Abstract

Introduction: A deficiency in antithrombin (AT) can be hereditary or acquired. It is characterized by an AT activity level that is less than 80% of normal or the lower limit of the reference range on a regular basis. In some cases, AT deficiency has been linked to an increased risk of thromboembolism.


Case presentation: We present the case of a 56-year-old Malay man with long-segment thrombosis of the portal vein and superior mesenteric vein with small bowel ischemia. He was diagnosed with AT deficiency following an extensive hematological and thrombophilia workup supported by a strong familial history of venous thromboembolism (VTE) affecting his brothers and sister.

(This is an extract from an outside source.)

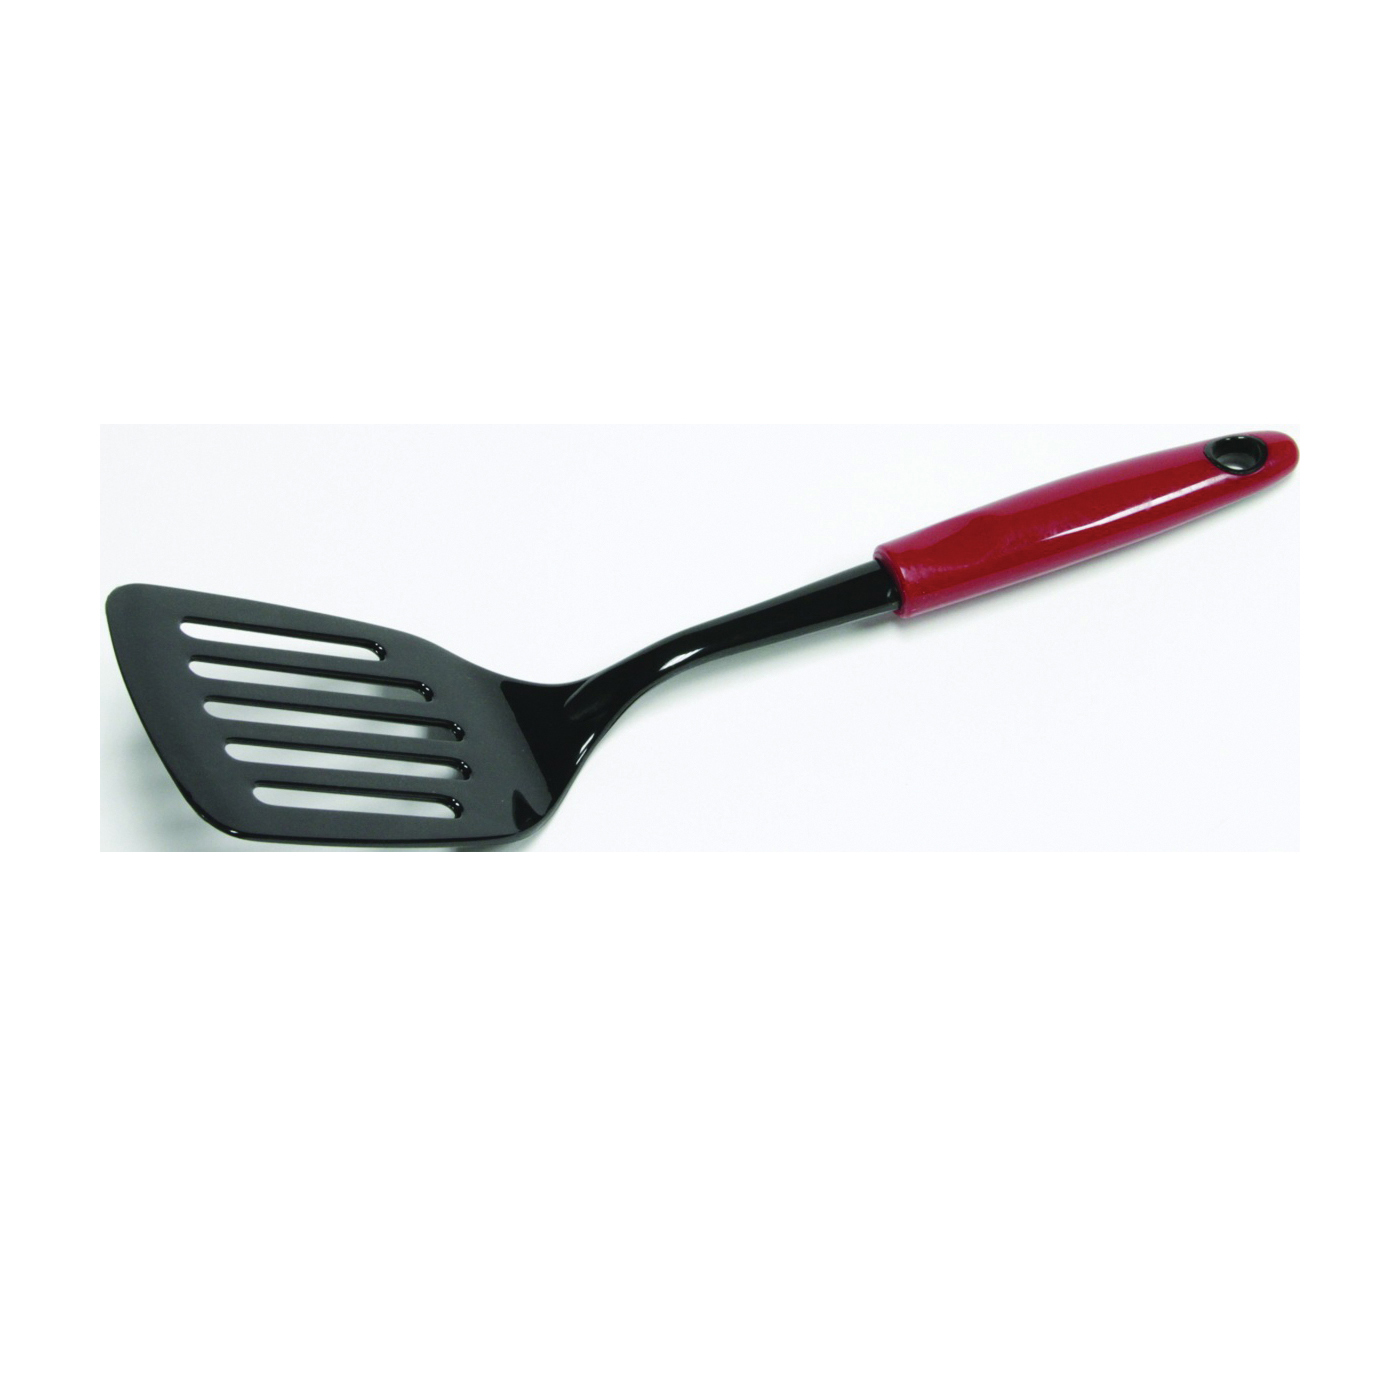 Chef Craft 12111 Slotted Turner, Red

Conclusion: Inherited AT deficiency must be considered when spontaneous VTE occurs in young patients with unusual localizations, such as mesenteric veins and portal veins.


INTRODUCTION

Antithrombin (AT) is a serpin and natural anticoagulant that functions predominantly by inactivating the coagulation factors thrombin and factor Xa and less effectively by inactivating the factors IXa and XIa1, 2 Furthermore, the anticoagulant heparin is dependent on AT for its activity. Heparin binds to AT and increases its anticoagulant activity one thousandfold. AT, like tissue factor (TF) pathway inhibitor, inhibits the TF–factor VIIa complex, preventing factor VIIa from activating factors IX and X1.

AT deficiency is an autosomal dominant type of thrombophilia affected by serpin family C member 1 (SERPINC1) gene mutations3 and is reported to affect 1 in 500 to 1 in 5,000 people2, 4. Among Asians, 0.15% of individuals in healthy Japanese populations were estimated to have AT deficiency, which is comparable to the rate in Caucasian populations5. Individuals with AT deficiency are more prone to thrombosis. It is expected that 50% of those with congenital AT deficiency will have developed venous thromboembolism (VTE) by the age of 506. Homozygous AT deficiency is uncommon compared to heterozygous AT deficiency, and most homozygosity has been linked to intrauterine death2.

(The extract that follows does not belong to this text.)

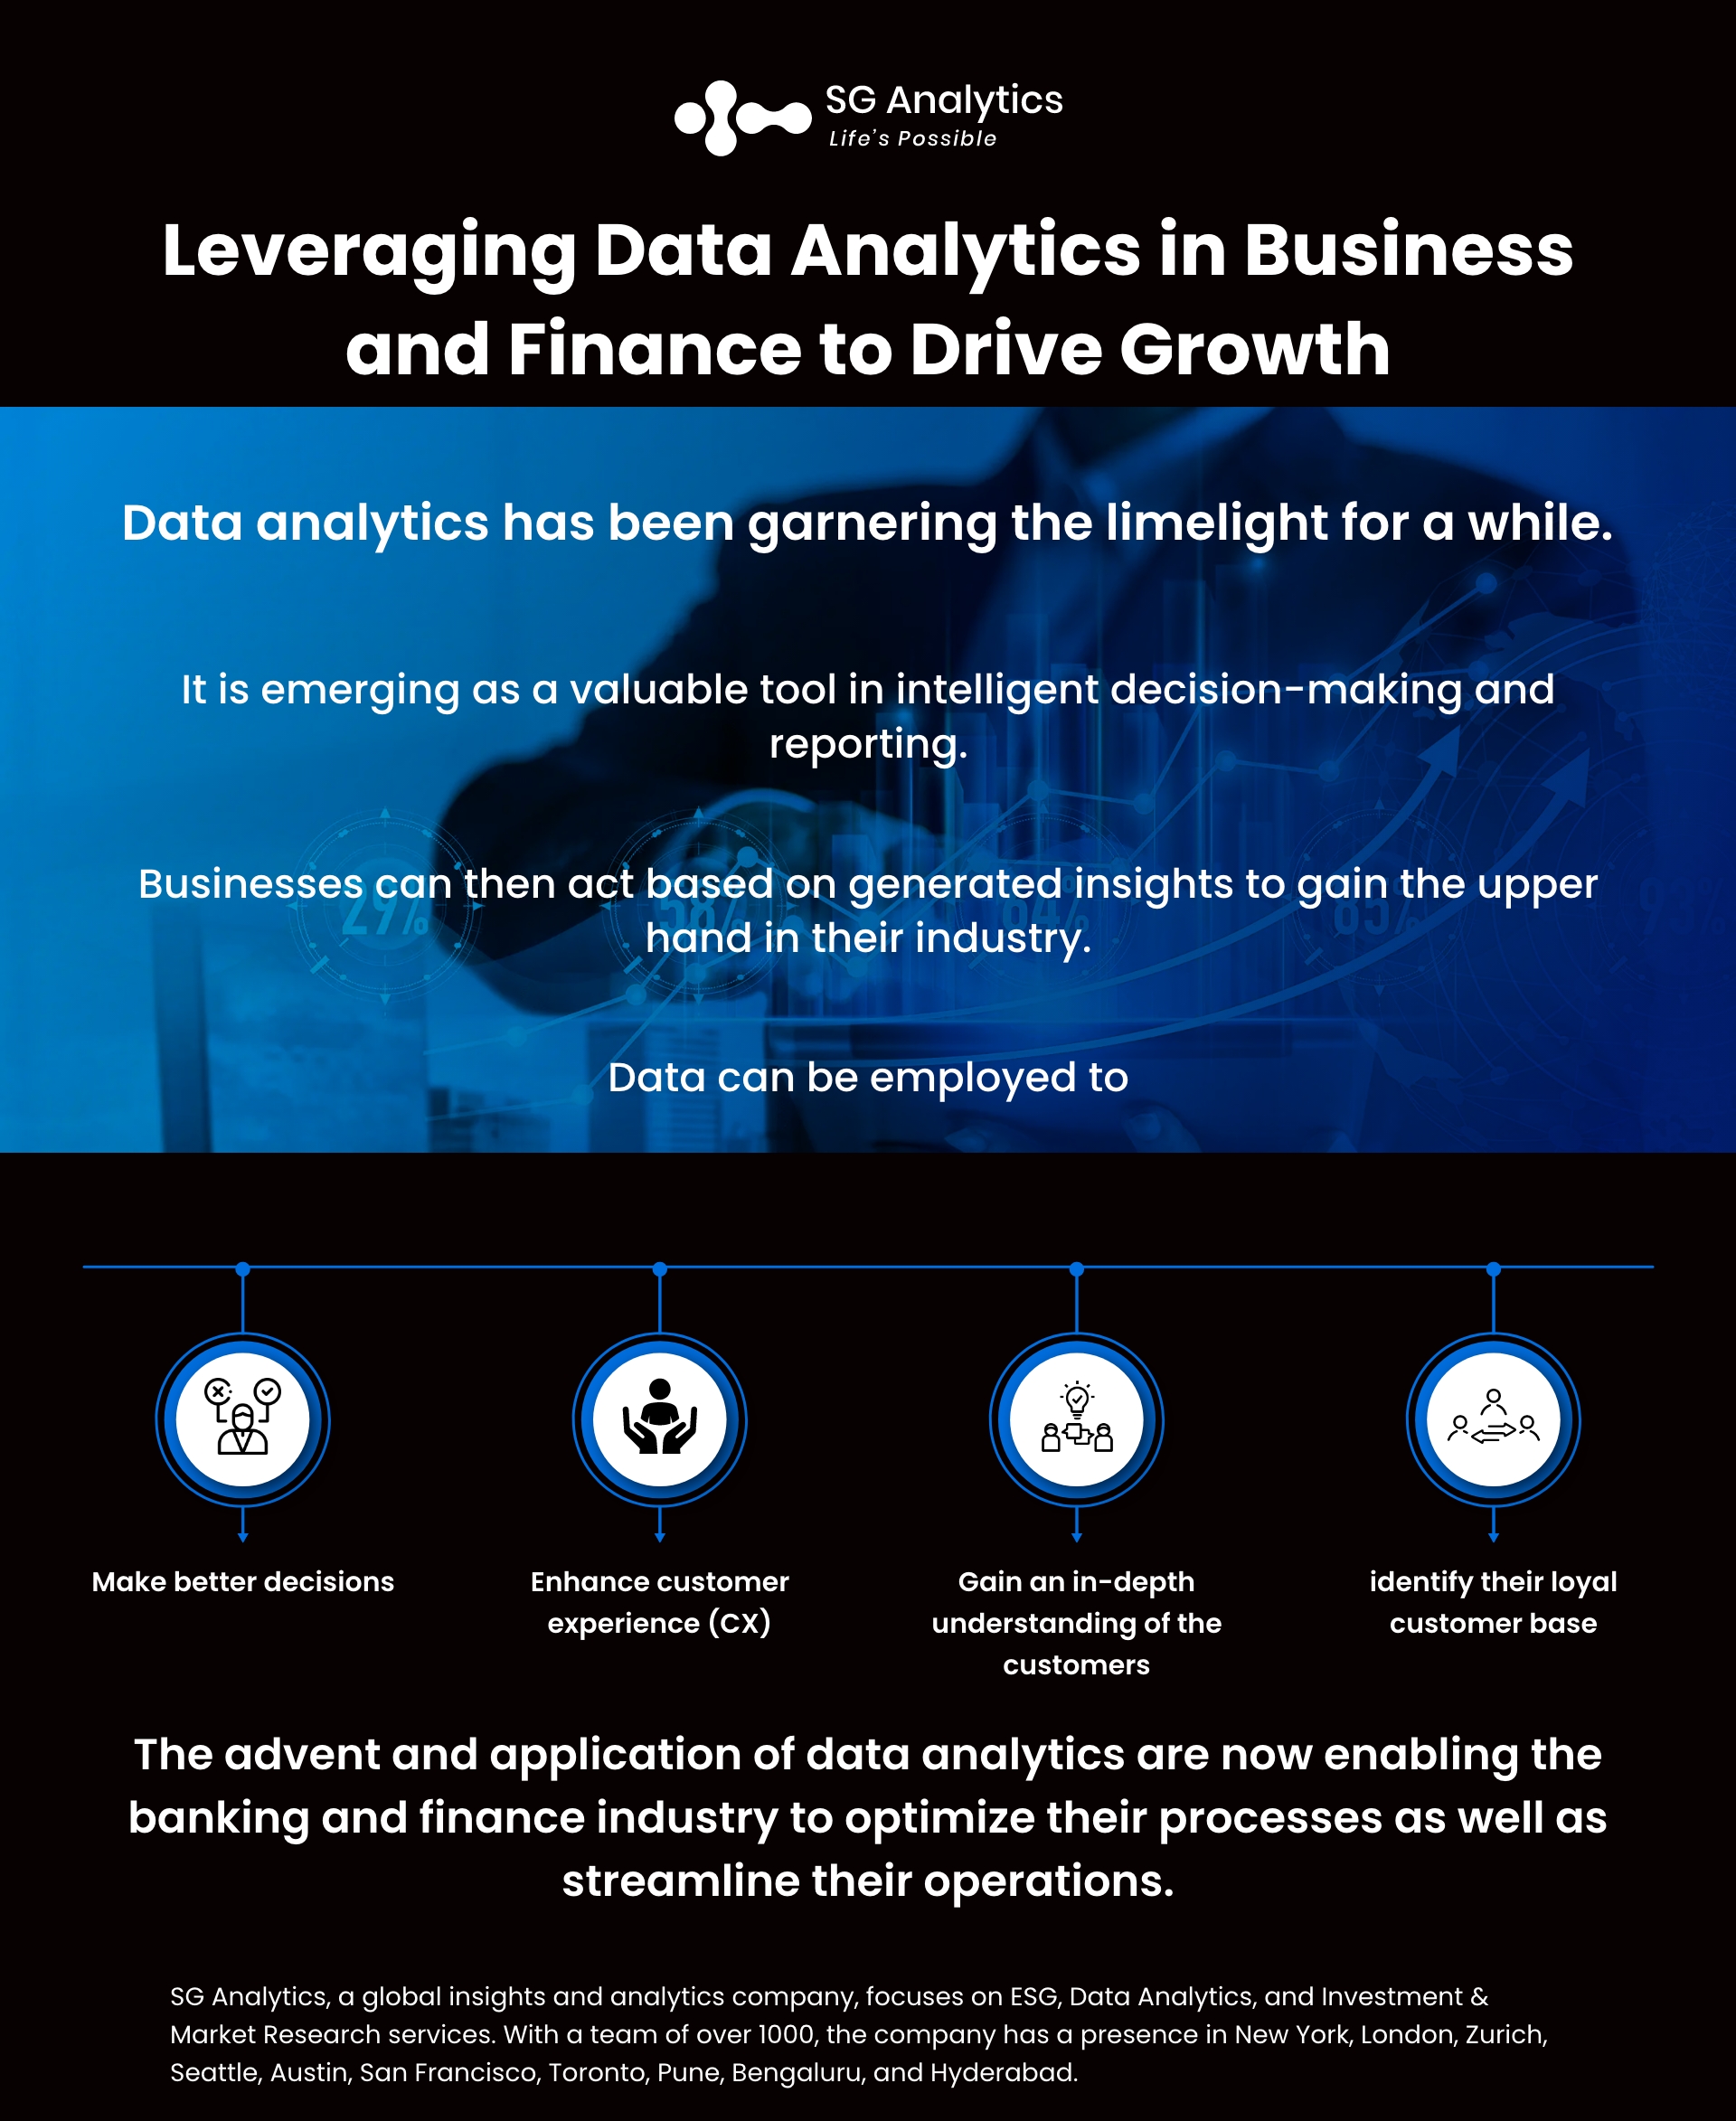 SGAnalytics_Infographic_Leveraging Data Analytics in Business and Finance to Drive Growth

This case report describes a 56-year-old man with heterozygous AT deficiency who presented with acute abdominal pain due to long-segment thrombosis of the portal vein and superior mesenteric vein and small bowel ischemia.

CASE PRESENTATION

A 56-year-old Malay man presented to the emergency department with a sudden onset of lower abdominal pain that continued for several hours. The pain initially started in the left testicular area and radiated to the left lower quadrant of the abdomen. The pain was extensive and described by the patient as 10/10 on the pain grading scale. The abdominal pain was associated with a fever. He had no other symptoms such as nausea, vomiting, diarrhea, dysuria, or hematuria. He denied any traditional medication or recreational drug use. He used to be a cigarette smoker but had quit for the past 10 years.

The patient had a history of leg swelling 20 years ago but was unsure about the diagnosis. He had no further follow-up and received no further treatment. He had a strong family history of hypercoagulability, as his elder brother had a stroke, and his younger brother and sister had deep vein thrombosis (DVT) and were on anticoagulant treatment. The results of the thrombophilia workups for these patients were not found; they were probably treated at another hospital.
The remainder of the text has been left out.